---------- DATA BELOW ----------
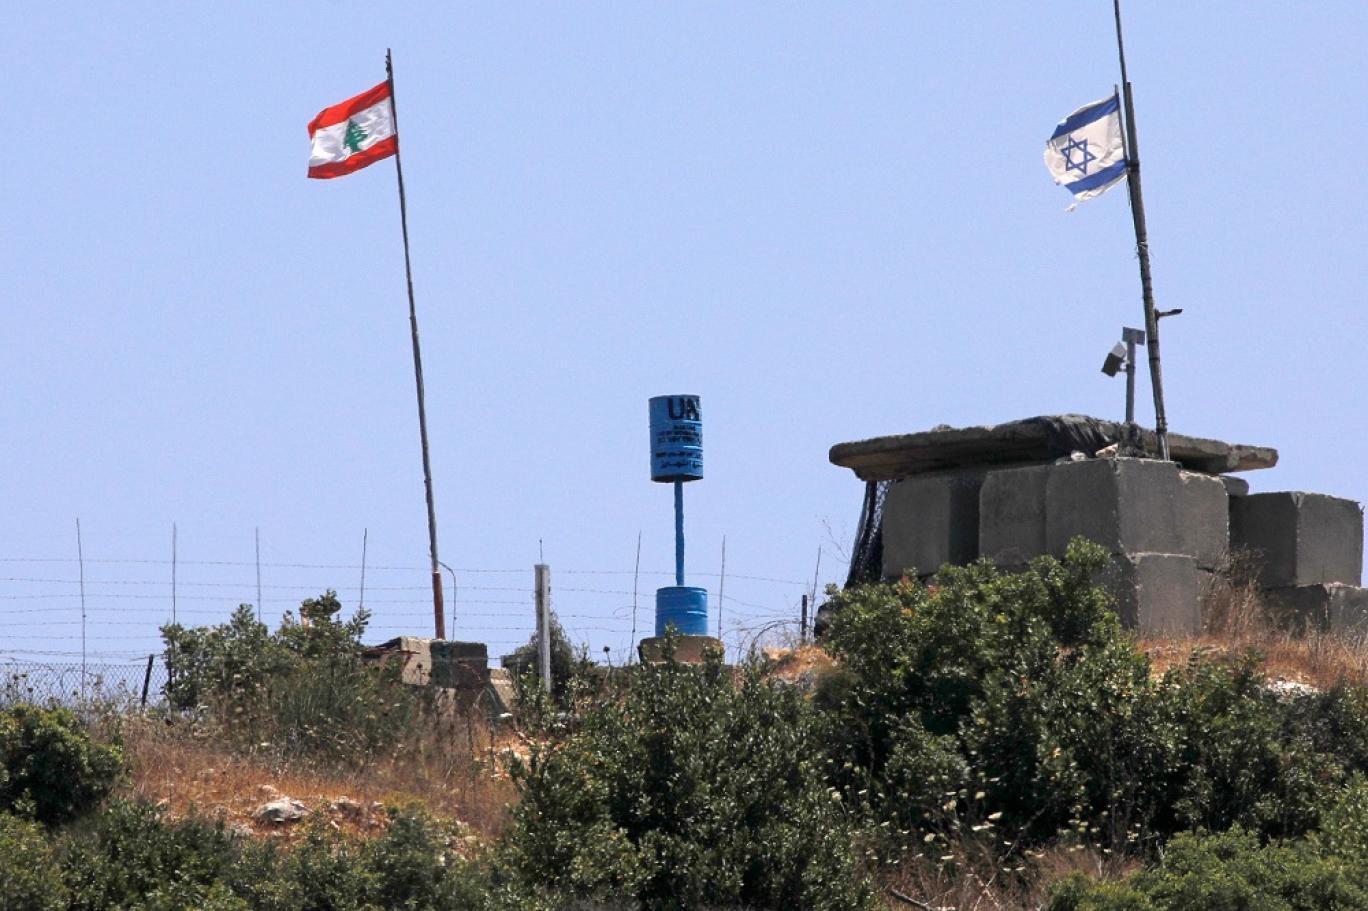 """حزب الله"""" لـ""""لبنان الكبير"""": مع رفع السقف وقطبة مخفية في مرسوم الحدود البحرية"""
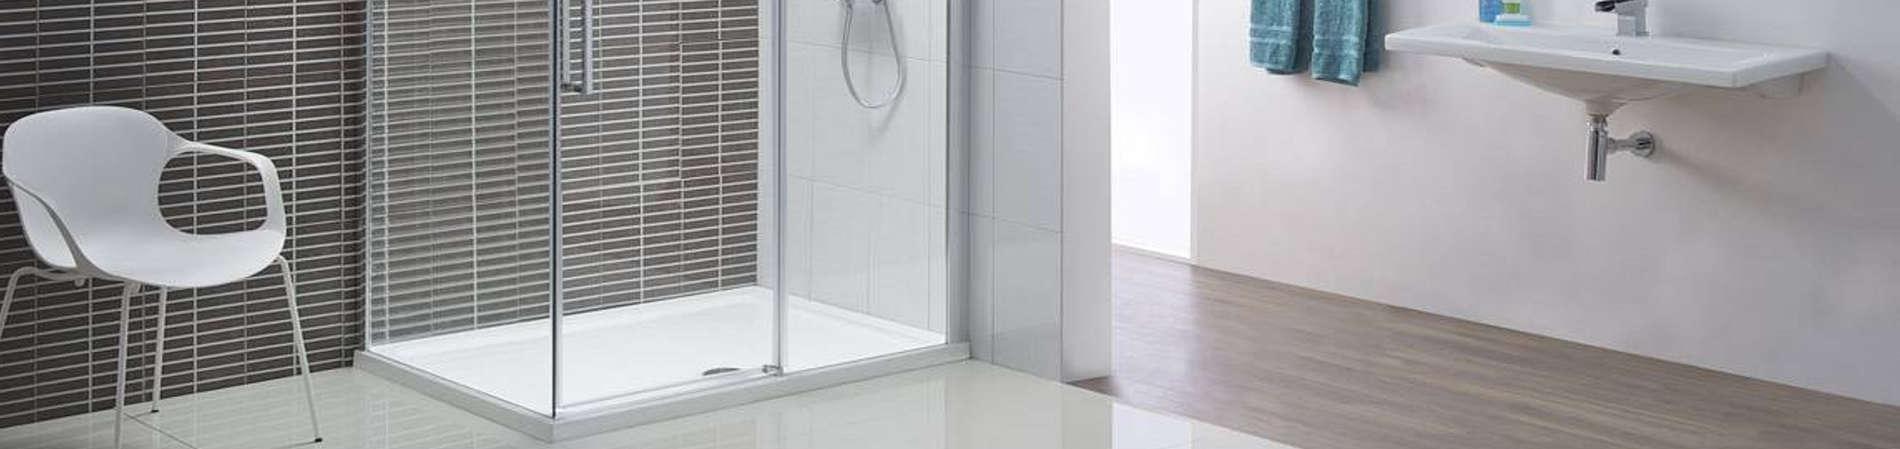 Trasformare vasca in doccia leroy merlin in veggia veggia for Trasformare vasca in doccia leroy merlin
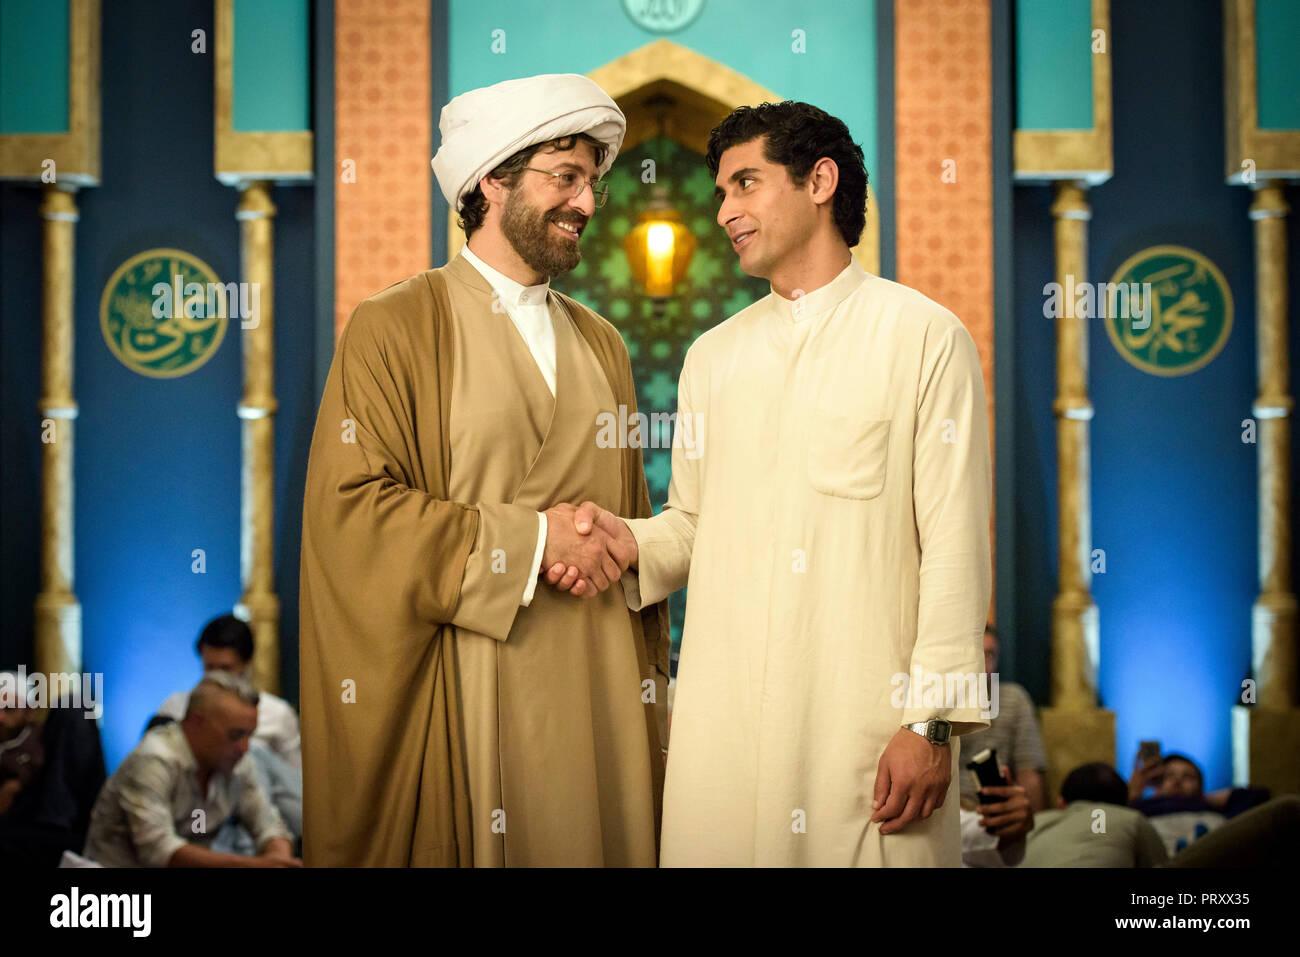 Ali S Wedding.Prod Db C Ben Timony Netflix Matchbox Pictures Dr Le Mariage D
----------
■ **ACTION ITEM**
Print every line above exactly. Leave the pictures out.

■ **TASK RESPONSE**
 """حزب الله"""" لـ""""لبنان الكبير"""": مع رفع السقف وقطبة مخفية في مرسوم الحدود البحرية"""
 Trasformare vasca in doccia leroy merlin in veggia veggia for Trasformare vasca in doccia leroy merlin
 Ali S Wedding.Prod Db C Ben Timony Netflix Matchbox Pictures Dr Le Mariage D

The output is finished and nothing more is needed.